Peripartum Hysterectomy

Peripartum hysterectomy is a major surgical endeavor often performed in the setting of life-threatening hemorrhage. It involves removal of the uterus following either vaginal delivery or cesarean delivery when conservative management of postpartum hemorrhage has failed or is contraindicated. The incidence of emergent peripartum hysterectomy ranges from 0.24 to 8.7 per 1000 deliveries.[1] Abnormal placentation is the most common indication for peripartum emergent hysterectomy, accounting for 45% to 73% of cases, followed by uterine atony and uterine rupture.[1] OB/GYN hospitalists possessing knowledge and skills pertaining to peripartum hemorrhage can be a life-saving resource for labor and delivery units.


OB/GYN hospitalists should be able to:

  • Define postpartum hemorrhage.
  • List causes of postpartum hemorrhage and their risk factors.
  • Describe the pathophysiology of uterine atony, abnormal placentation, disseminated intravascular coagulation, and hemorrhagic shock.
  • Discuss the evaluation of postpartum hemorrhage and management plans for each possible etiology.
  • List the most common indications for peripartum hysterectomy.
  • List relative contraindications to peripartum hysterectomy.
  • Describe the specific types of hysterectomies and the rationale for performing one over another.
  • List blood products that should be readily available when performing a peripartum hysterectomy.
  • Discuss the use of uterotonics and antifibrinolytics in peripartum hemorrhage.
  • Explain the pertinent preoperative preparation for patients at risk for hysterectomy, for those undergoing planned postpartum hysterectomy, and in the setting of emergent hysterectomy.
  • Discuss the most common intraoperative and postoperative complications of peripartum hysterectomy and their management.
  • Explain the postoperative care after a hysterectomy.
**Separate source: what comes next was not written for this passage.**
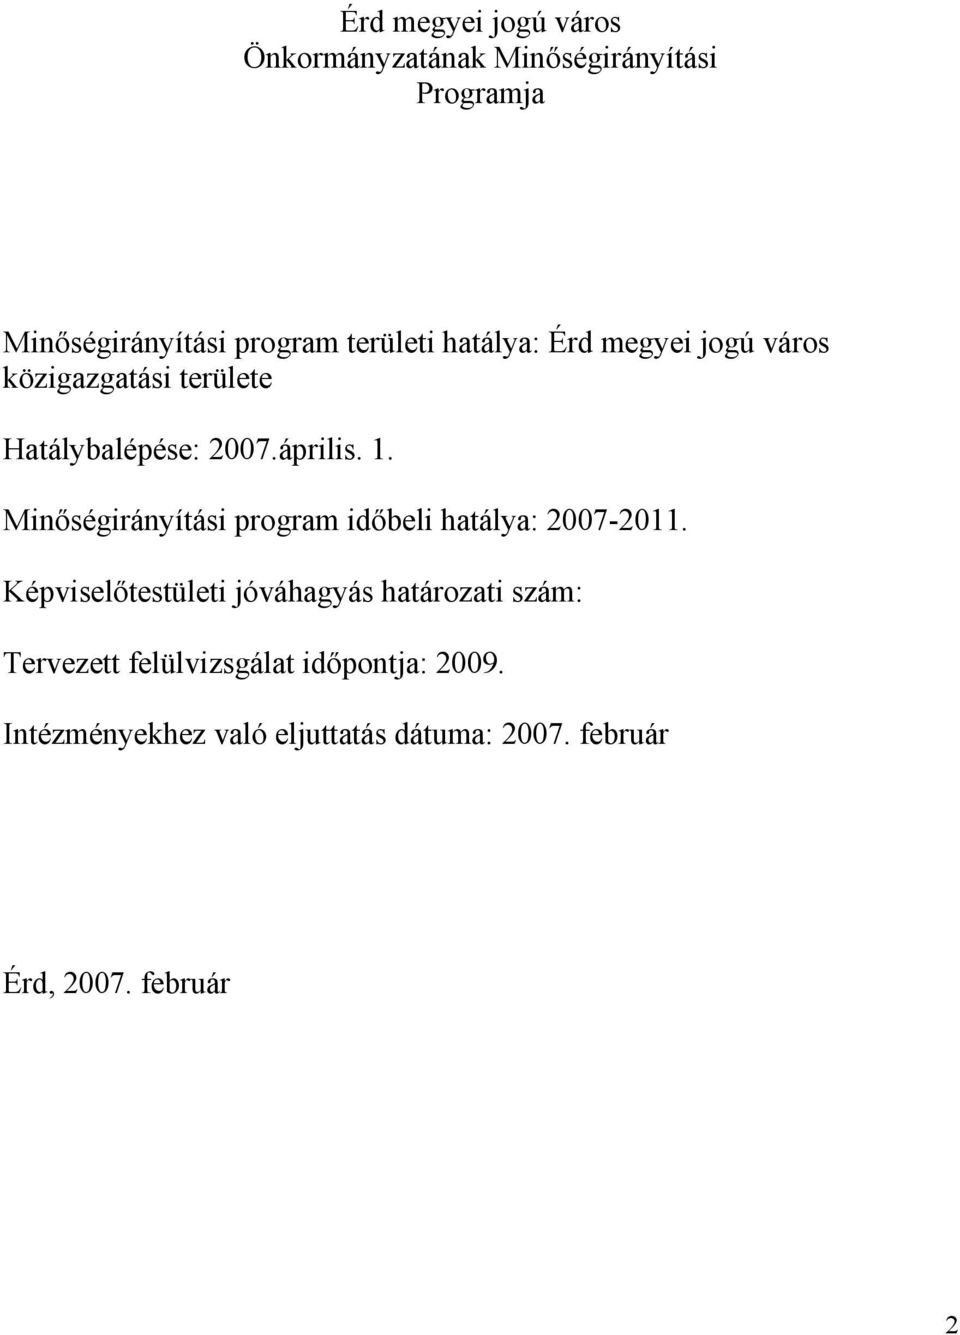 Minıségirányítási program idıbeli hatálya: 2007-2011.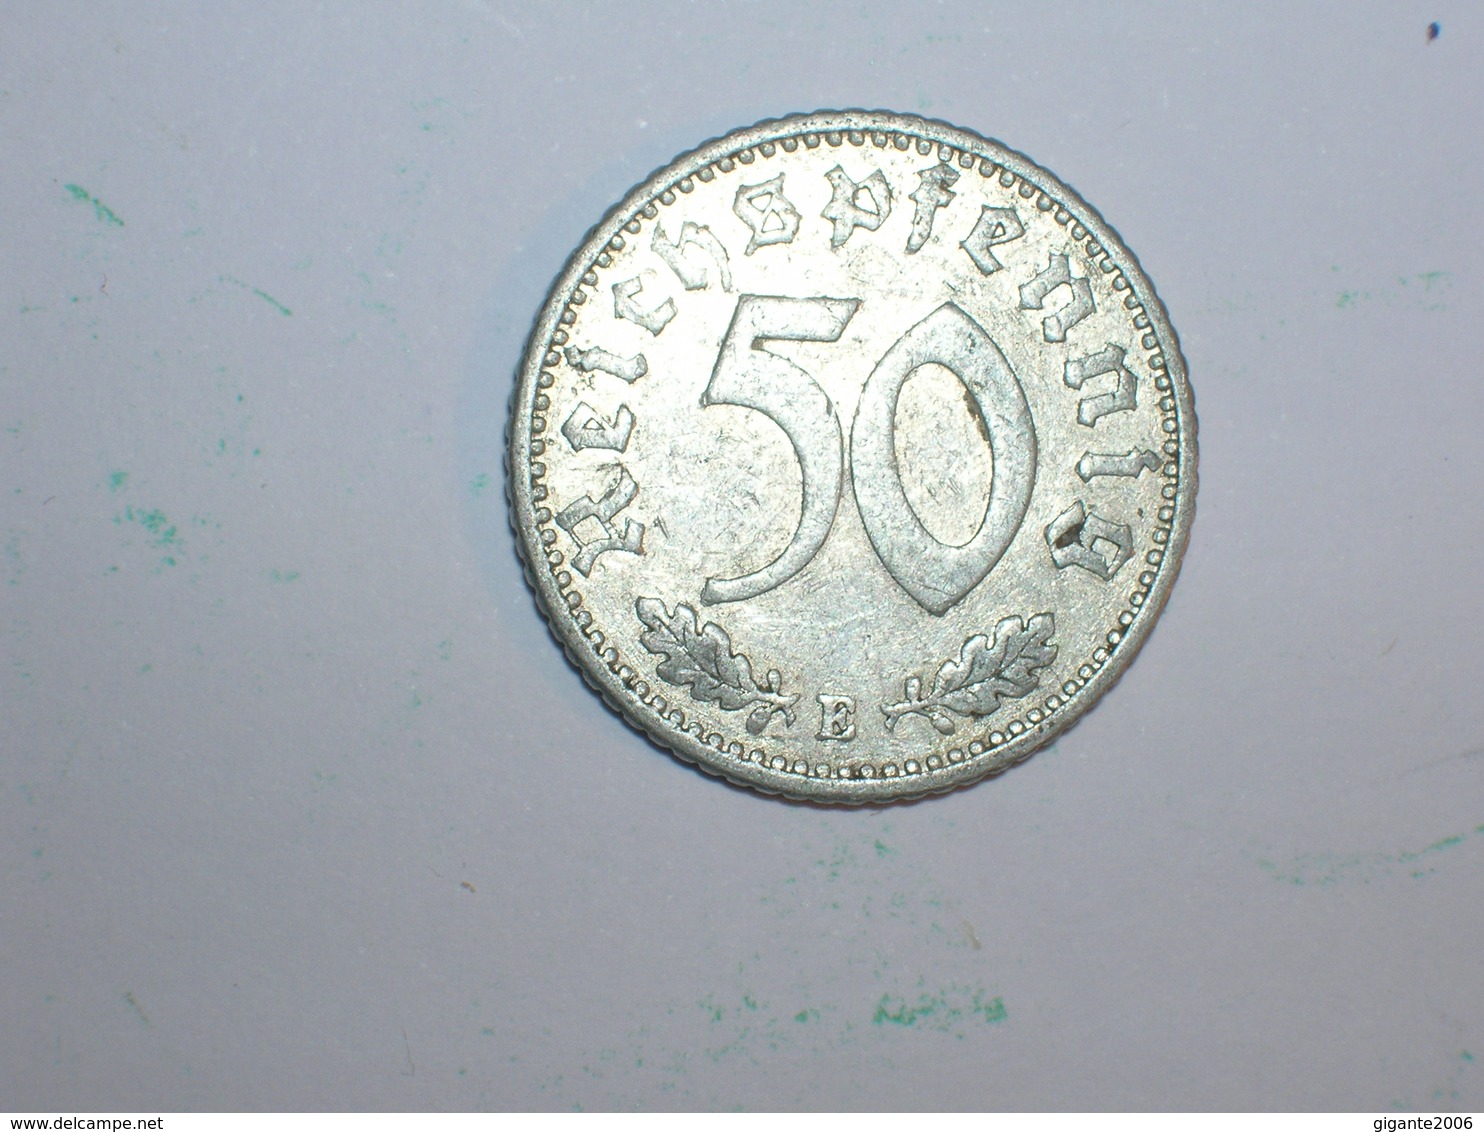 ALEMANIA 50 PFENNIG 1935 E (1219) - 50 Reichspfennig

OB/GYN hospitalists should be able to:

  • Identify patients at risk for peripartum hysterectomy and develop a delivery plan.
  • Quantify blood loss.
  • Diagnose peripartum hemorrhage, identify the etiology, and apply a stepwise, evidence-based approach to management.
  • Activate massive transfusion protocols and identify transfusion risks.
  • Determine when emergent hysterectomy is indicated and promptly mobilize resources to minimize morbidity.
  • Obtain informed consent for peripartum hysterectomy and blood transfusion.
  • Stabilize patients with intravenous fluids, blood products, and tamponade while preparing for hysterectomy.
  • Perform and assist in peripartum hysterectomy.
  • Diagnose and manage intraoperative complications such as bowel injury, cystotomy, and ureteral injury and engage consultants as appropriate.
  • Manage the postoperative course in conjunction with critical care and/or internal medicine as needed.
  • Diagnose and manage postoperative complications such as ileus, fever, sepsis, and wound infection and engage consultants as appropriate.
  • Arrange appropriate and timely follow-up for the patient and ensure accessible outpatient postoperative evaluation.
  • Explain the value of avoiding a primary cesarean delivery to decrease the risk of abnormal placentation and consequent peripartum hysterectomy.
  • In the medical record, document informed consent, the indications for peripartum hysterectomy, and the procedural steps.

Self-Awareness and Collaborative Attitudes

OB/GYN hospitalists should be able to:

  • Follow evidence-based recommendations when assessing candidates for hysterectomy.
  • Collaborate and communicate effectively within a multidisciplinary team, including the patient, nursing staff, operating room personnel, anesthesiologists, gynecologic oncology specialists, urologists, radiologists, blood bank staff, critical care specialists, and primary OB/GYN provider, to ensure a patient-centered and comprehensive response to peripartum hemorrhage and hysterectomy.
  • Demonstrate awareness of and ability to address the emotional needs of a patient requiring hysterectomy.

System Organization and Improvement

OB/GYN hospitalists should be able to:

  • Coordinate efforts to reduce primary cesarean delivery rates.
  • Lead, coordinate, and/or participate in the development and use of a comprehensive peripartum hemorrhage management plan inclusive of patients who refuse blood products.
  • Lead, coordinate, and/or participate in the development and use of massive transfusion protocols.
  • Lead, coordinate, and/or participate in unit-based stimulation drills for postpartum hemorrhage, implement before and after knowledge testing, and track team performance.
  • Implement strategies to improve team awareness and education in quantifying blood loss.
  • Lead, coordinate, and/or participate in formulating a plan for managing patients with morbidly adherent placentas and other patients at risk for hysterectomy, including establishing relationships with facilities with a higher level of care and developing guidelines and processes for transferring to these facilities when appropriate.
  • Implement strategies to maintain surgical skills needed to perform peripartum hysterectomy.
  • Implement methods for tracking quality of care related to postpartum hemorrhage to improve outcomes, such as reduction in use of blood products, hysterectomy rate, intensive care unit admission, and length of stay.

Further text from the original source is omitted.